If we go back to tracking the behavior of NGINX, then in the second case, with c sendfile, we saw this:
08:24:21 sendfile (5, 9, [6024754], 45748730) = 1768041
We successfully sent 1.7 megabytes of data, which is close to 33% of 5 megabytes, our default value for the send buffer size wmem.
This threshold was probably set in Linux to avoid buffer replenishment too often. There is no need to "kick" the sending program after each sent byte.
Decision
Now we can say for sure when the problem happens:
- The send dispatch buffer is at least 66% full.
- The user download speed is low, and the buffer does not empty to 66% in 60 seconds.
- When this happens, the send buffer is not replenished, it is not considered writable, and the connection is timed out.
There are several ways to solve a problem.
One is to increase the
send_timeout
to, say, 280 seconds. Then, given the size of the send buffer, users whose speed is greater than 50Kb / s will not be disconnected due to a timeout.
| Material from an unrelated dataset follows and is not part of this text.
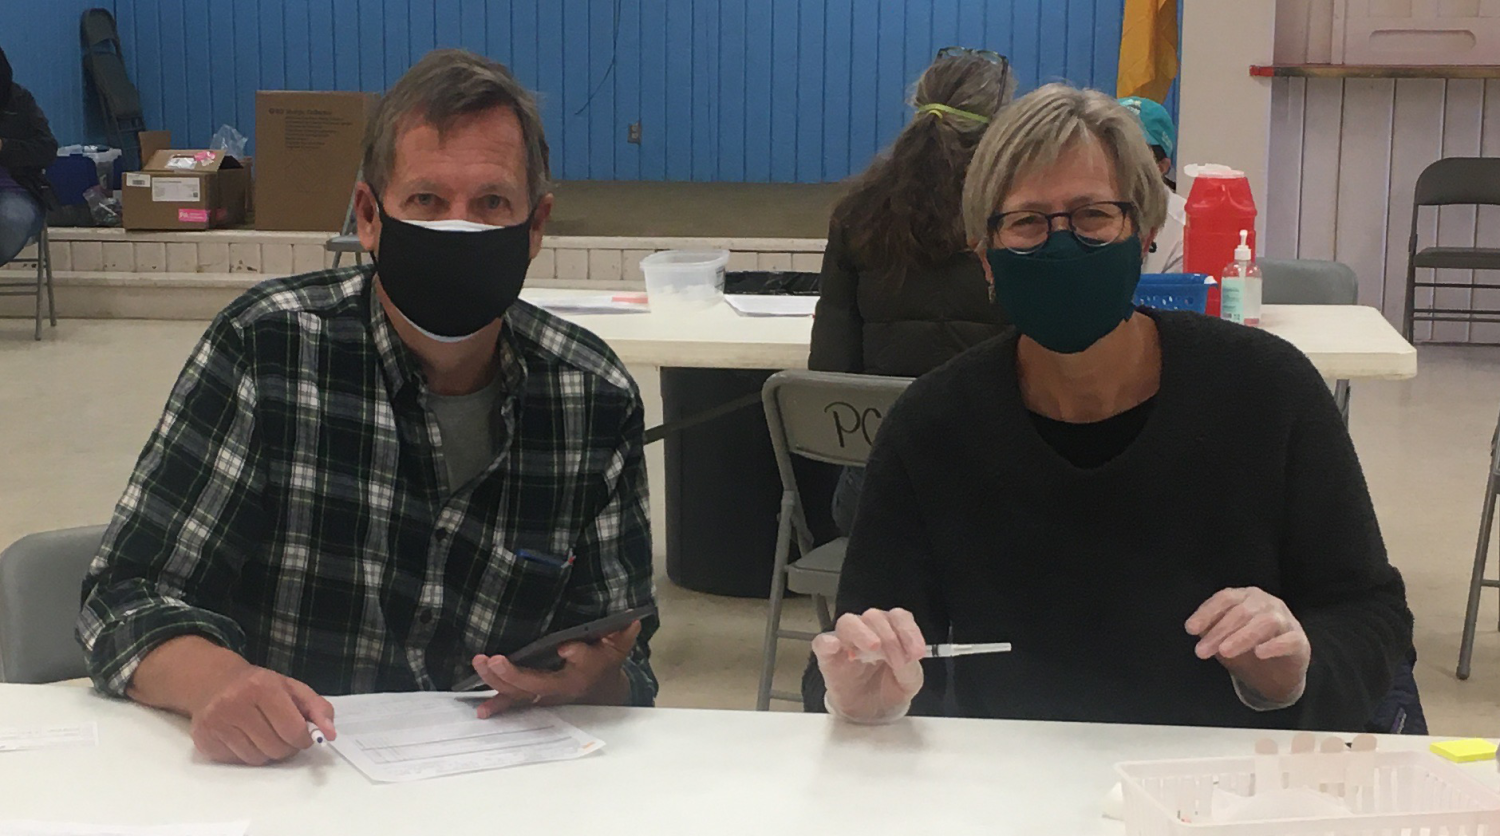 When the COVID-19 pandemic delayed their assignment in Peru, Lisa and Peter Waugh dedicated their time to providing vaccinations in rural New Mexico.

Another option is to reduce the size of the send buffer
tcp_wmem
.
Well, the last option is to patch NGINX so that it reacts differently to the timeout. Instead of closing the connection immediately, you can look at the amount of data in the send buffer. This can be done using
ioctl(TIOCOUTQ)
. Then we can understand how quickly the buffer is emptied, and maybe give the connection a little more time.
Chris Branch prepared a patch for NGINX , which implements the option with the
send_minimum_rate
option, which allows you to determine how slow the download is allowed to the client.
findings
The Linux network stack is very complex. Although it usually works well, sometimes you can find surprises in it.
Not all even experienced programmers know all its insides. While we were dealing with this error, we realized that the assignment of timeouts for data recording requires special attention, it is impossible to just take and set timeouts for recording the same as for reading.
And now we know that due to the wmem values, unexpected timeouts can be obtained when sending data.